| ASSIGNMENT |
Pictures stay out; print the rest of the listing below exactly as it stands.

| DATA BELOW |
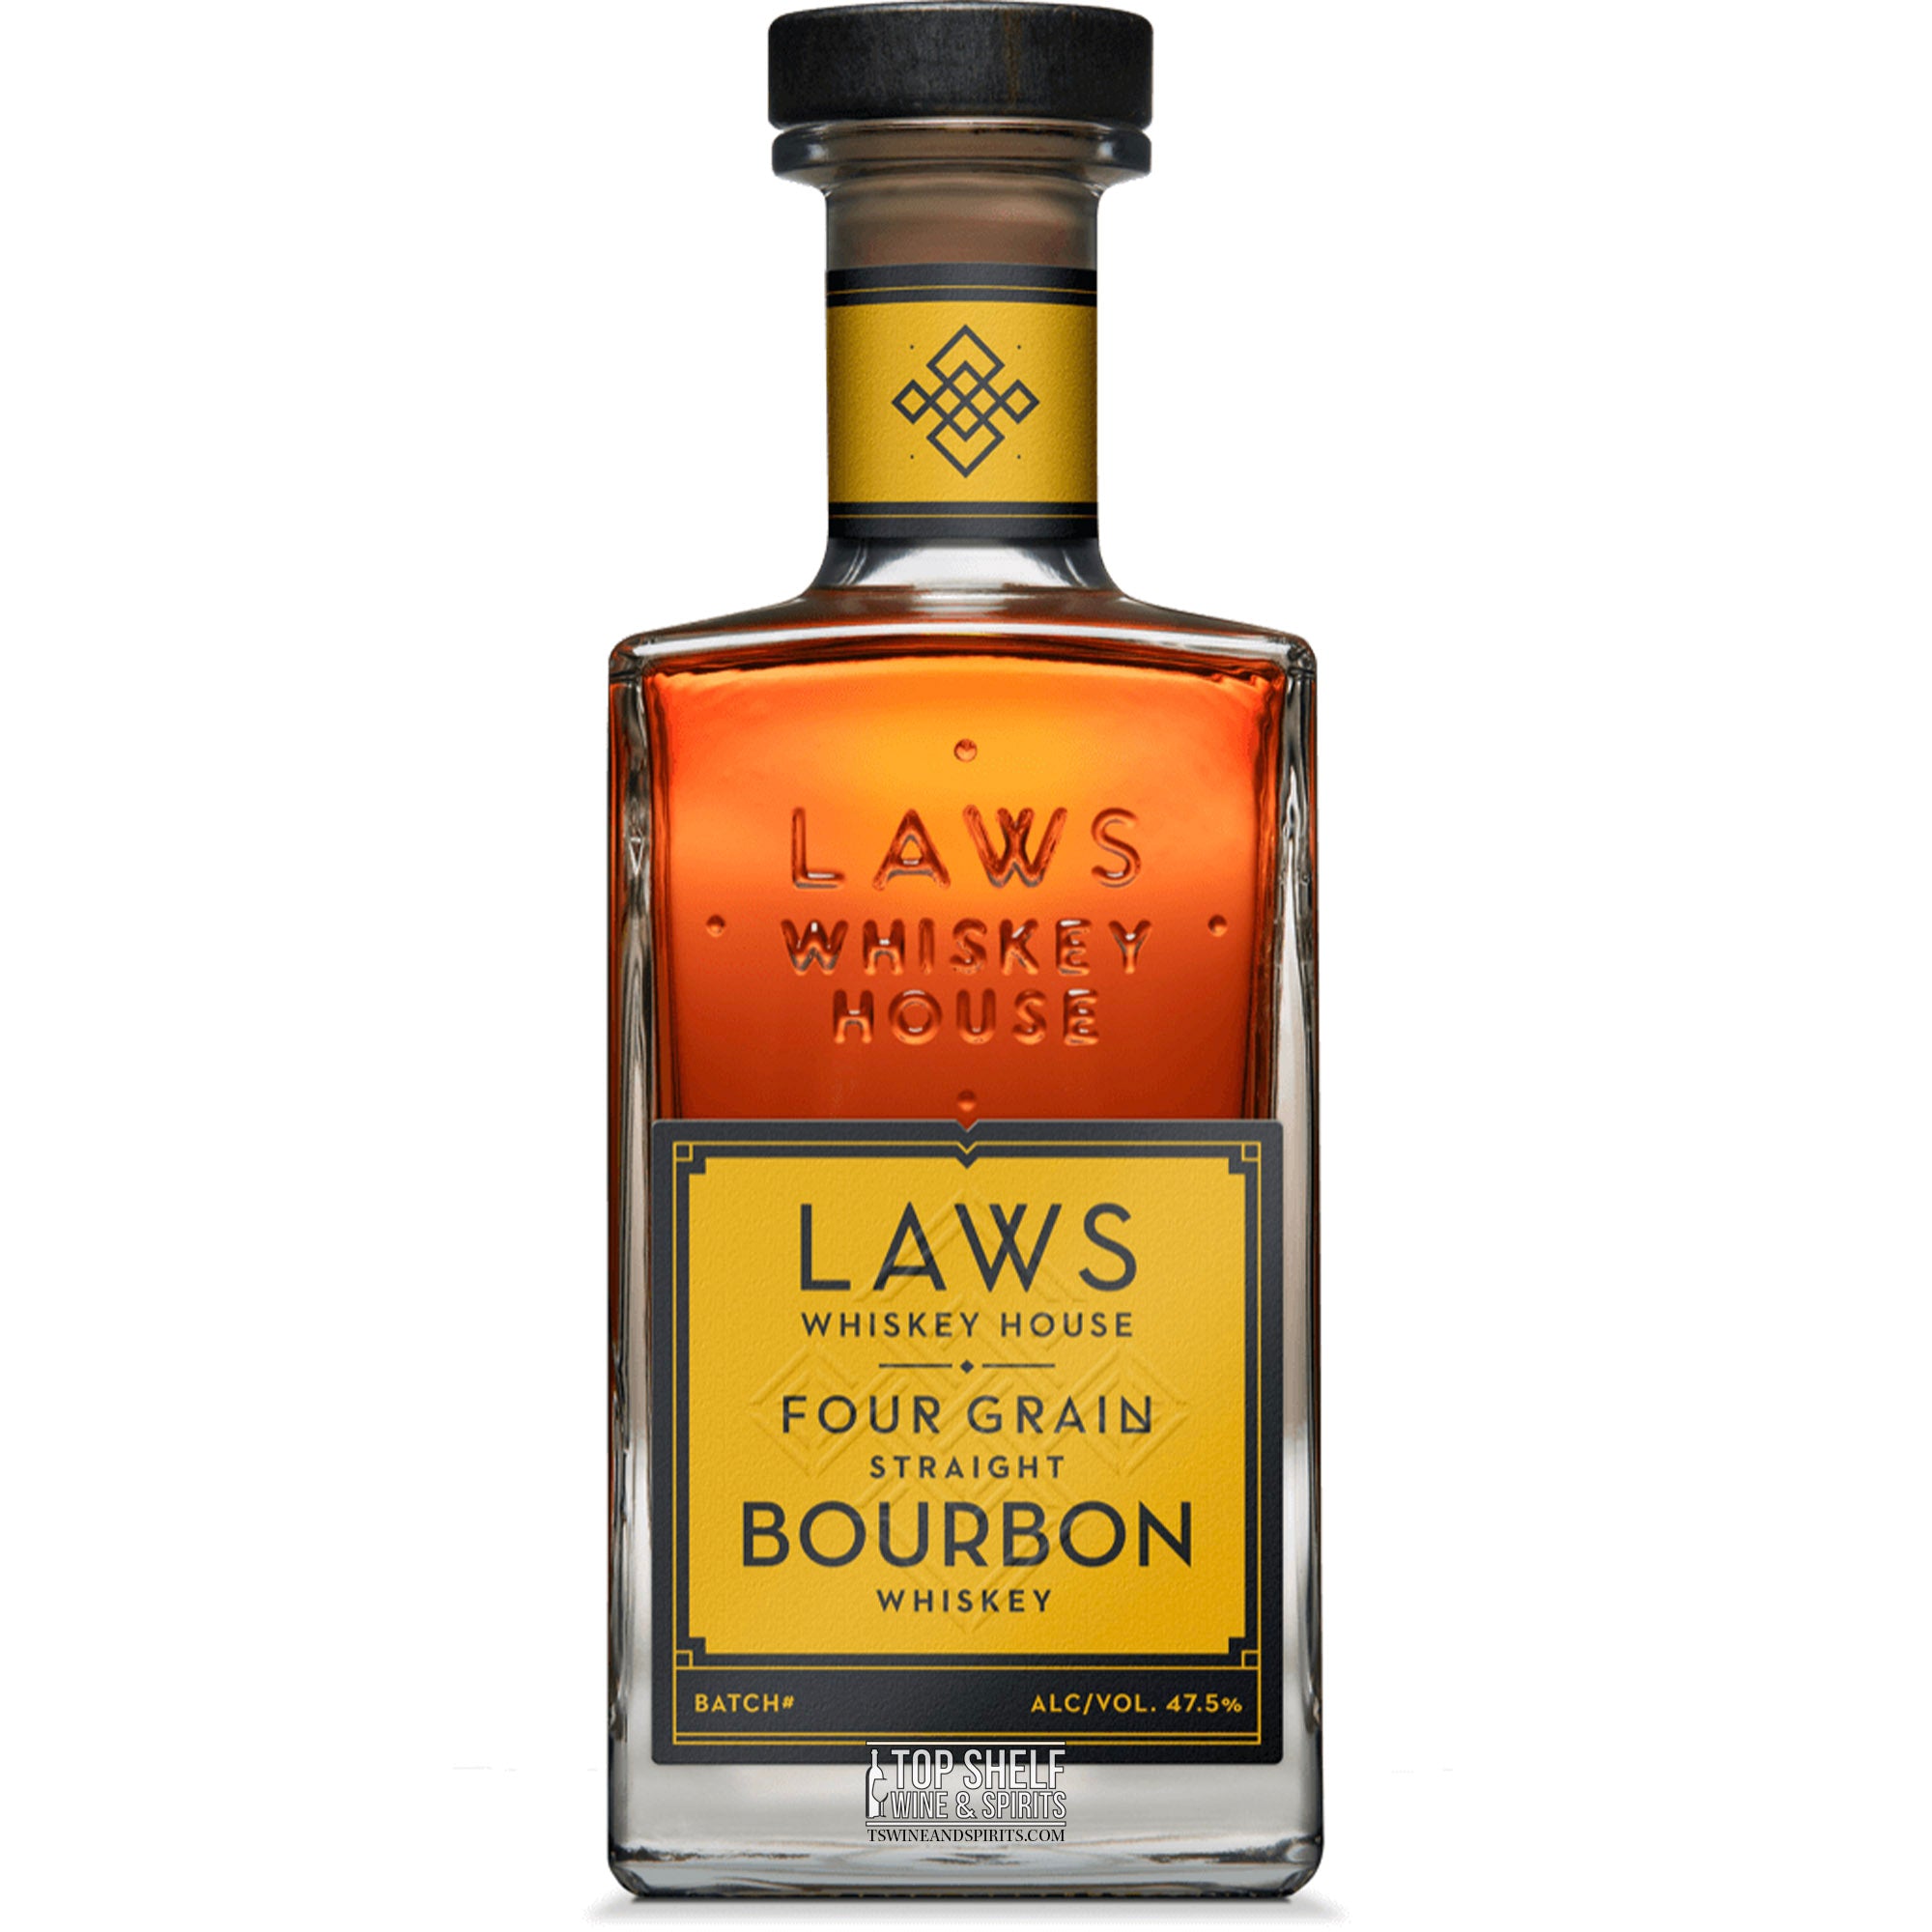 Laws Whiskey House Four Grain Straight Bourbon
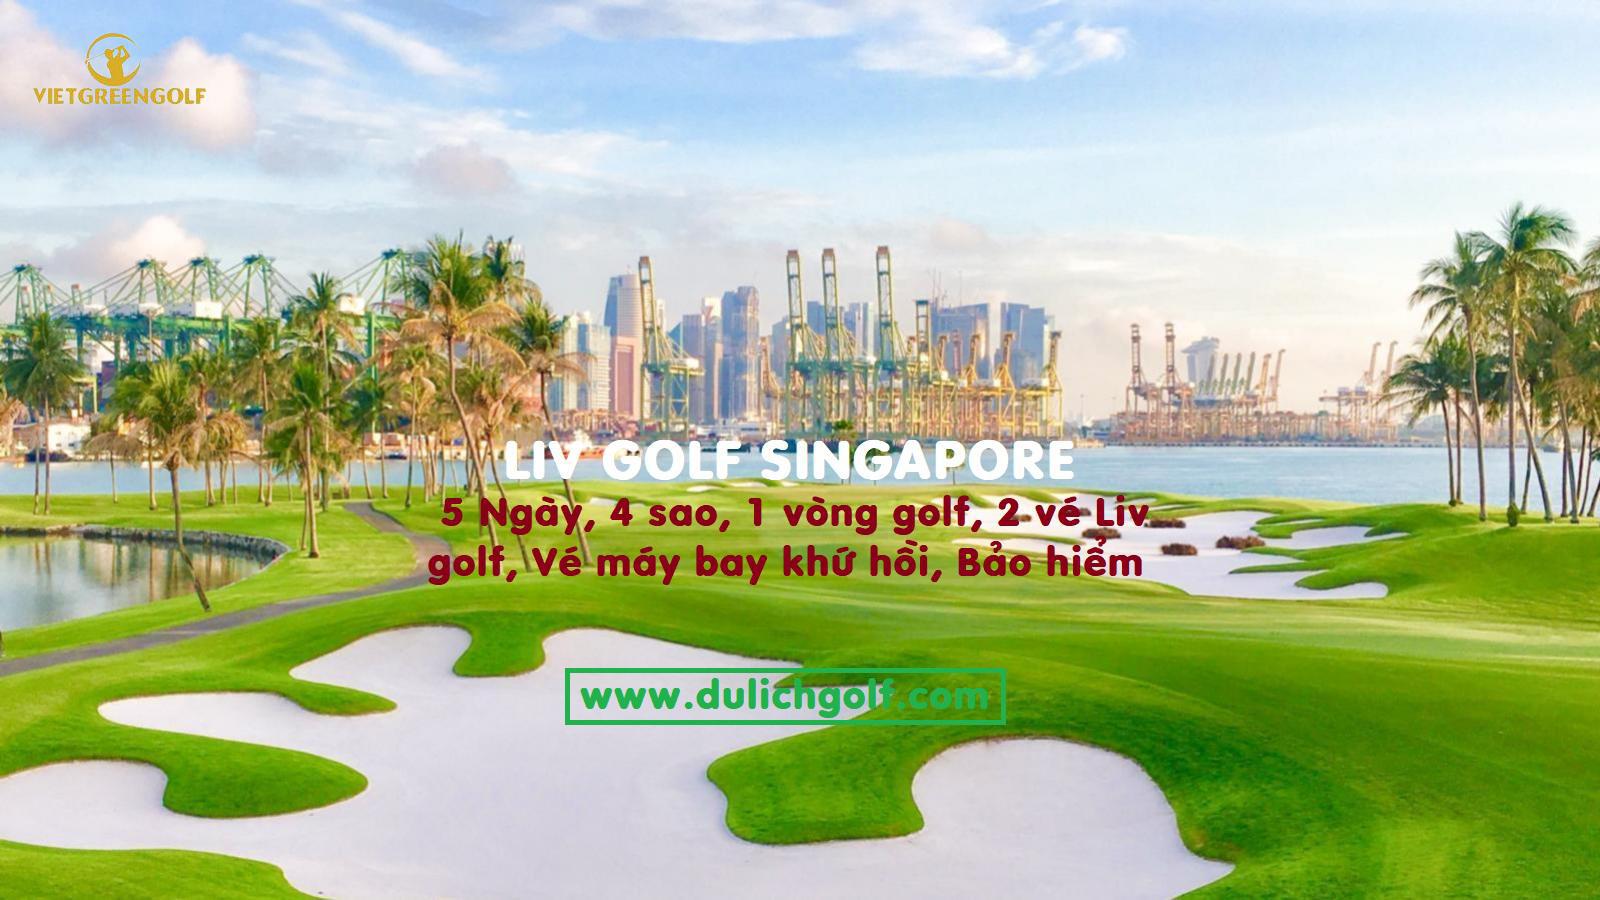 Tour LIV Golf Singapore 5 ngày + ks 4 sao + 1v golf + 2 vé xem Liv Golf - SIÊU RẺ
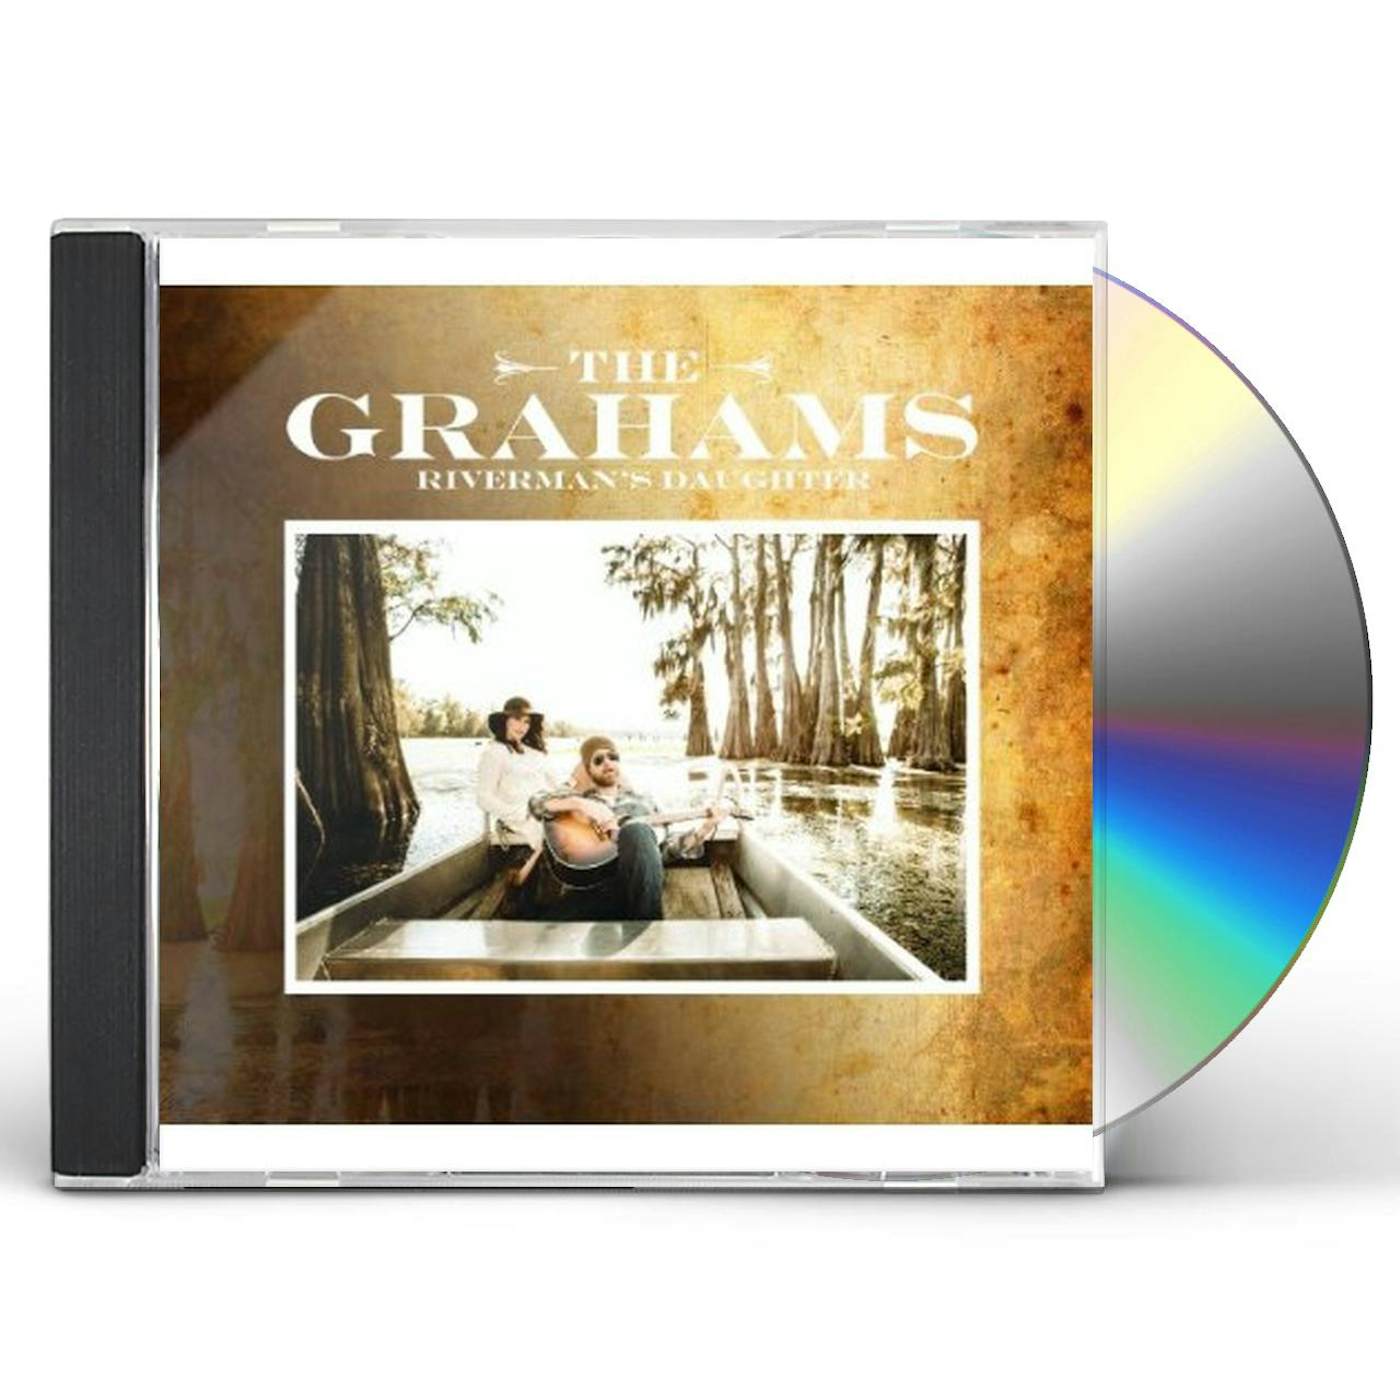 The Grahams RIVERMAN'S DAUGHTER CD

| EXERCISE ANSWER |
 Laws Whiskey House Four Grain Straight Bourbon
 Tour LIV Golf Singapore 5 ngày + ks 4 sao + 1v golf + 2 vé xem Liv Golf - SIÊU RẺ
 The Grahams RIVERMAN'S DAUGHTER CD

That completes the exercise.